I'm trying to get the html inside 'texto' element as a string ('<dl><dt>1. Poder ad[...]</dt></dd>[...]') , but when getting it, it is shown as:

Array ( [0] => SimpleXMLElement Object ( [dl] => SimpleXMLElement Object ( [dt] => Array ( [0] => 1. Poder adjudicador: [1] => 2. Tip

ordered by element (dl, dt, dd, etc).

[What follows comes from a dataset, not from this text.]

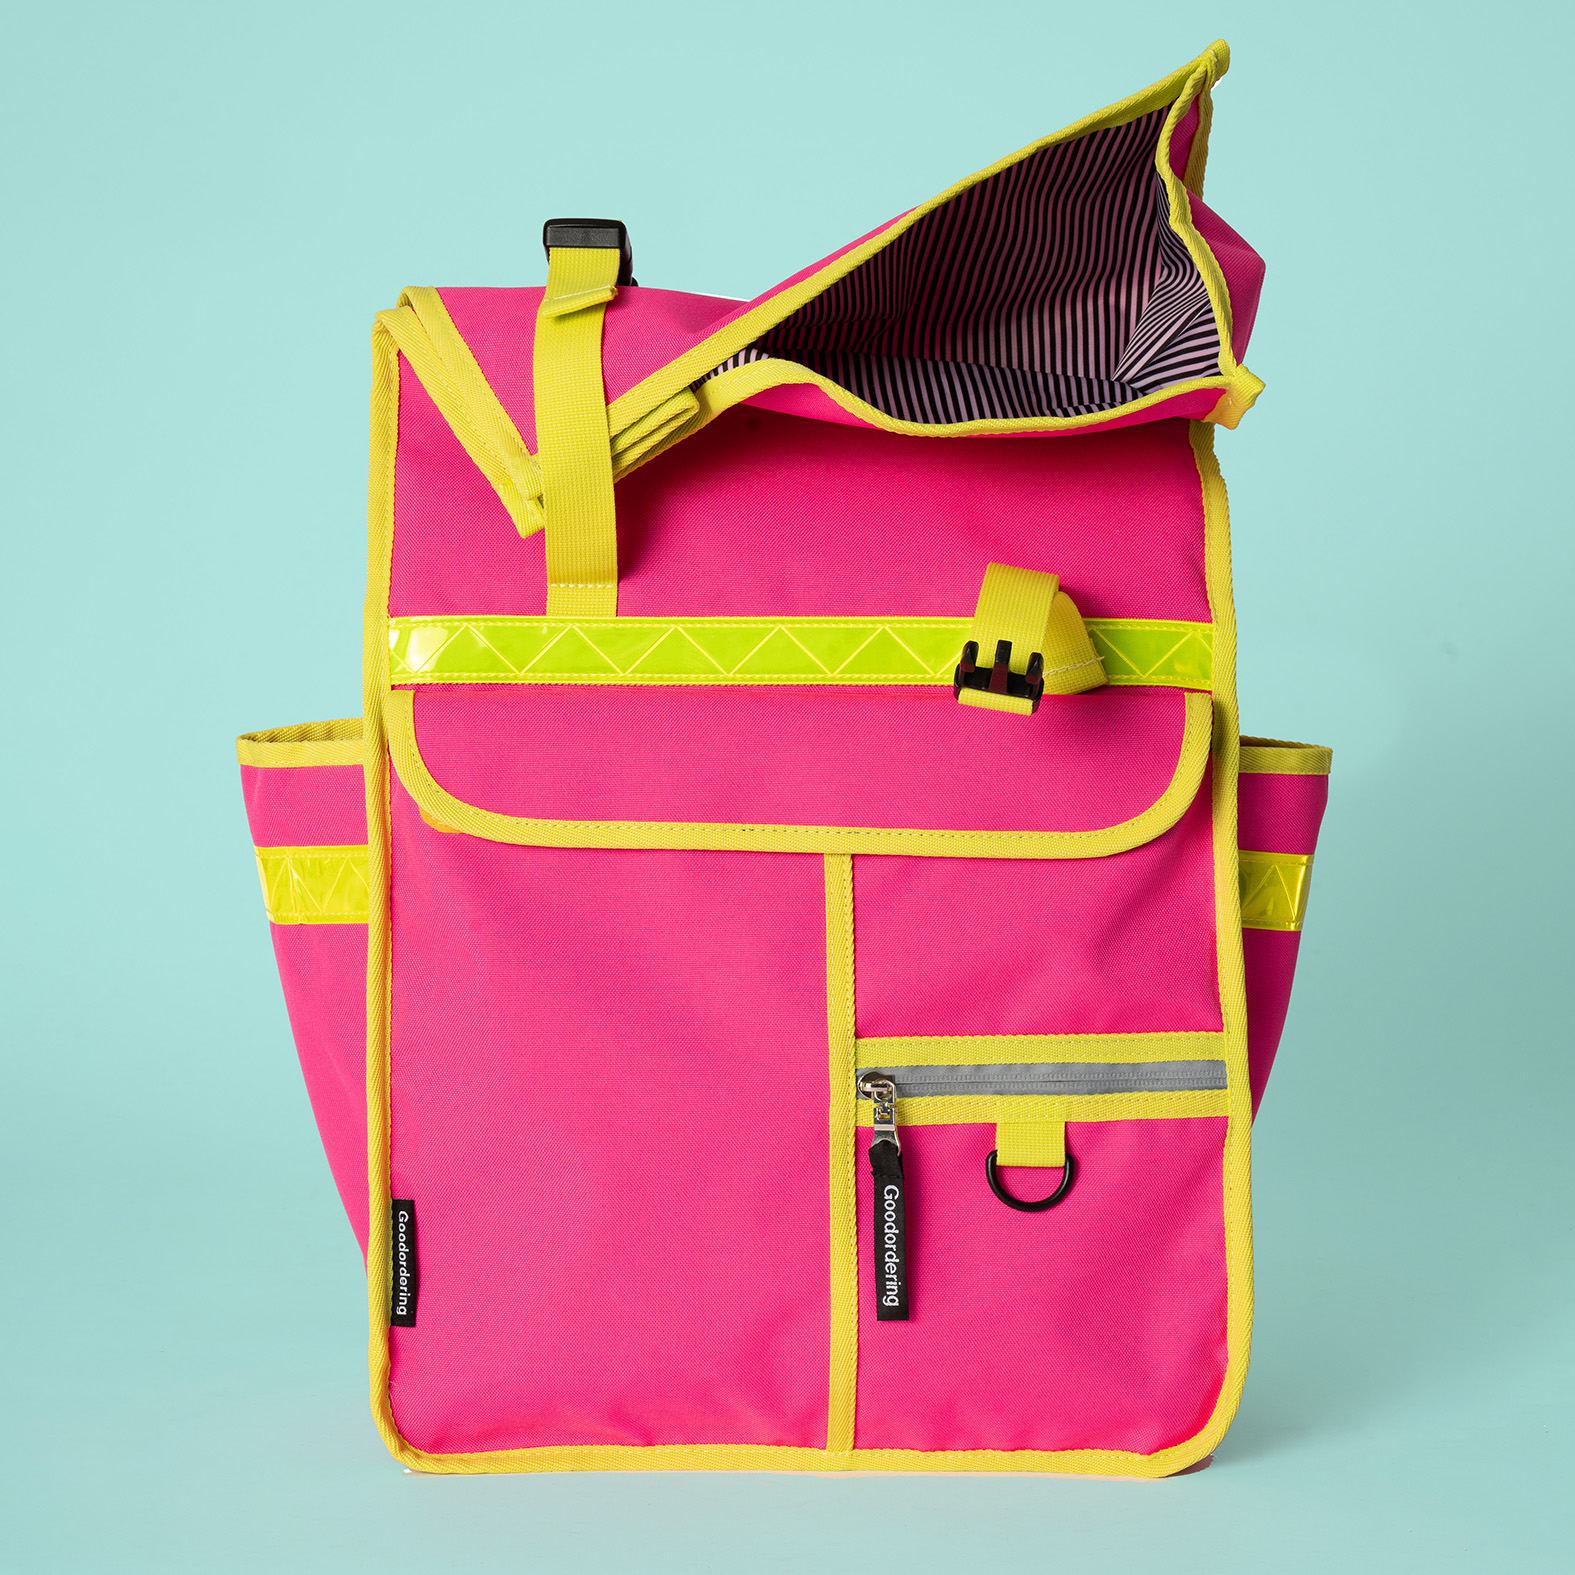 Goodordering Neon pink rolltop backpack pannier

I've tried every posible solution for querying that 'texto' element (with '//texto/text()', innerhtml, node(), nodeValue(), etc.) but it always return me the same.

How could I get something like '<dl><dt>1. Poder ad[...]</dt></dd>[...]'

Thank you!!

I have tried with selectors:

$texto = $xml->xpath('//texto/text()');
$texto = $xml->xpath('//texto/innerXml()');
$texto = $xml->xpath('//texto/node()');
$texto = $xml->xpath('//texto/nodevalue()');
  • The sample xml in your question is not well formed; please edit your question and fix so others can replicate the problem. – Jack Fleeting Nov 03 '22 at 11:55

1 Answers1

0

You need to fetch the parent nodes (texto), iterate and save each child node as XML:

$documento = new SimpleXMLElement(getXMLstring());

foreach ($documento->xpath('//texto') as $texto) {
  $result = '';
  foreach ($texto->children() as $content) {
    $result .= $content->asXML(); 
  }

  var_dump($result);
}

Output:

string(59) "<dl>
<dt>1. Poder adjudicador: </dt>
<dd>
[...]
</dd>
</dl>"

SimpleXML is an abstraction focused on element nodes. It has limits. If the texto element can have non-element child nodes they will not be included. In this case you need to use DOM.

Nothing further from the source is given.